From the North Carolina mountains to South Carolina’s coastal plain to the tropics of Puerto Rico, climate change is on the minds of forest planners. National forest planning teams in these areas are among the first few to revise their land and resource management plans under the U.S. Forest Service’s new Planning Rule released in 2012. These “early adopters” from the Nantahala, Pisgah, Francis Marion, and El Yunque National Forests who are developing plans to guide sustainable forest management through changing conditions are finding assistance with the Template for Assessing Climate Change Impacts and Management Options (TACCIMO).

Emphasizing both science and public input, the Planning Rule breaks new ground by requiring planning teams to complete broad assessments of available information about climate change effects on national forests. Eastern Forest Environmental Threat Assessment Center researchers collaboratively developed the TACCIMO tool to streamline this part of the plan revision process by providing in-depth scientific literature reviews and climate projections specific to forest-level issues. TACCIMO’s public-facing website puts these resources at the fingertips of forest planning teams as well as stakeholder groups and the general public to support the collaborative planning process envisioned by the Planning Rule.

To provide additional support, members of the TACCIMO development team have created custom, user-friendly fact sheets aimed at communicating key climate science findings during public forums for engaging national forest stakeholders in the Southern Region. Ruth Berner, a forest planner with the National Forests in North Carolina, says, “TACCIMO’s climate change fact sheet is just what we needed in terms of level of detail appropriate for collaboration with the public and stakeholders, while still presenting the best available science on climate change required for the assessment.” Fact sheets are now available on the TACCIMO website for the El Yunque National Forest, Nantahala and Pisgah National Forests, and Francis Marion National Forest.

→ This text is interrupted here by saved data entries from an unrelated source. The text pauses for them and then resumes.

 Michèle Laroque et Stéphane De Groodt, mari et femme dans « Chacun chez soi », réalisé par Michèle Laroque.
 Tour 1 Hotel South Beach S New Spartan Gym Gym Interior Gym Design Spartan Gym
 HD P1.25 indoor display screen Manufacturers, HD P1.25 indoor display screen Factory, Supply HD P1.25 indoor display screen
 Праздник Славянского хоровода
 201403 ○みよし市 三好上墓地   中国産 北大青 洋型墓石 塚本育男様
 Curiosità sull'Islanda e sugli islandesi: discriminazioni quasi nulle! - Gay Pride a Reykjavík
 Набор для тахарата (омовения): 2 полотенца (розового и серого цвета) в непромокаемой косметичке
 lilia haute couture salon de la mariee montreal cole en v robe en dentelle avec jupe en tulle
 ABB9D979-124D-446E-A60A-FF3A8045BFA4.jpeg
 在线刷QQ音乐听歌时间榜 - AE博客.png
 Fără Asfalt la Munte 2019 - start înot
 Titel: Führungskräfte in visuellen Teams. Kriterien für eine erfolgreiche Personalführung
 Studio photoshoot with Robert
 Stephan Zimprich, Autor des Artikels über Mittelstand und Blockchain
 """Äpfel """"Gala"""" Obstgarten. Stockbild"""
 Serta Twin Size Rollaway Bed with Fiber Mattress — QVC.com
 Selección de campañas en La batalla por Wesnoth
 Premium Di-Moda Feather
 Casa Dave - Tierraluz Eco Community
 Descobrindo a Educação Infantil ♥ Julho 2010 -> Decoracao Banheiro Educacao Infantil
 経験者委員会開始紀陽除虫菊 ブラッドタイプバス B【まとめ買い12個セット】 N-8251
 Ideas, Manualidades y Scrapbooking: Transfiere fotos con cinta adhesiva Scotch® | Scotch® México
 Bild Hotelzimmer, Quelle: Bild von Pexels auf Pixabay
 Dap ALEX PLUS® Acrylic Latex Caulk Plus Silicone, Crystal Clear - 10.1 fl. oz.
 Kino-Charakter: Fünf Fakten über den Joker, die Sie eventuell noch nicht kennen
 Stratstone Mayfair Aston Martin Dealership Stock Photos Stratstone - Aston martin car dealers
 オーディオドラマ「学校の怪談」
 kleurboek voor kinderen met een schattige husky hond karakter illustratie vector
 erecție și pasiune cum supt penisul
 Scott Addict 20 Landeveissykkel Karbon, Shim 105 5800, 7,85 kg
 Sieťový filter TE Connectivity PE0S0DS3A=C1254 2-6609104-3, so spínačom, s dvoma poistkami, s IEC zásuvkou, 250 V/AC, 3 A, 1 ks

Because of the complex and often large-scale issues that forests face in a changing climate, collaboration among neighboring land management groups is key. In consultation with National Forest planners and managers, the TACCIMO team has also assisted in facilitating interactions at public forums with key stakeholders from local, state, and federal agencies. For example, land managers with the Cape Romain National Wildlife Refuge adjacent to the Francis Marion National Forest are working to create corridors to assist coastal species migrating inland from barrier islands and salt marshes as sea levels rise. The TACCIMO team presented site-specific information on sea level rise projections and models of future vegetation to aid collaborators in meeting “all lands” management objectives.

This fall and winter, the early adopters will release full assessments, including climate change effects and projections generated with the use of TACCMO. When the assessments are rolled out, the TACCIMO team will continue to provide support at public meetings to address comments about climate change issues. The TACCIMO tool will also assist planning teams entering the next phase of plan revisions during which specific management options are identified to reach goals aligned with the new Planning Rule. These management options—intended to promote healthy forests that are able to adapt to changing conditions—will ensure that national forests continue to provide critical goods and services that people across the nation expect and enjoy.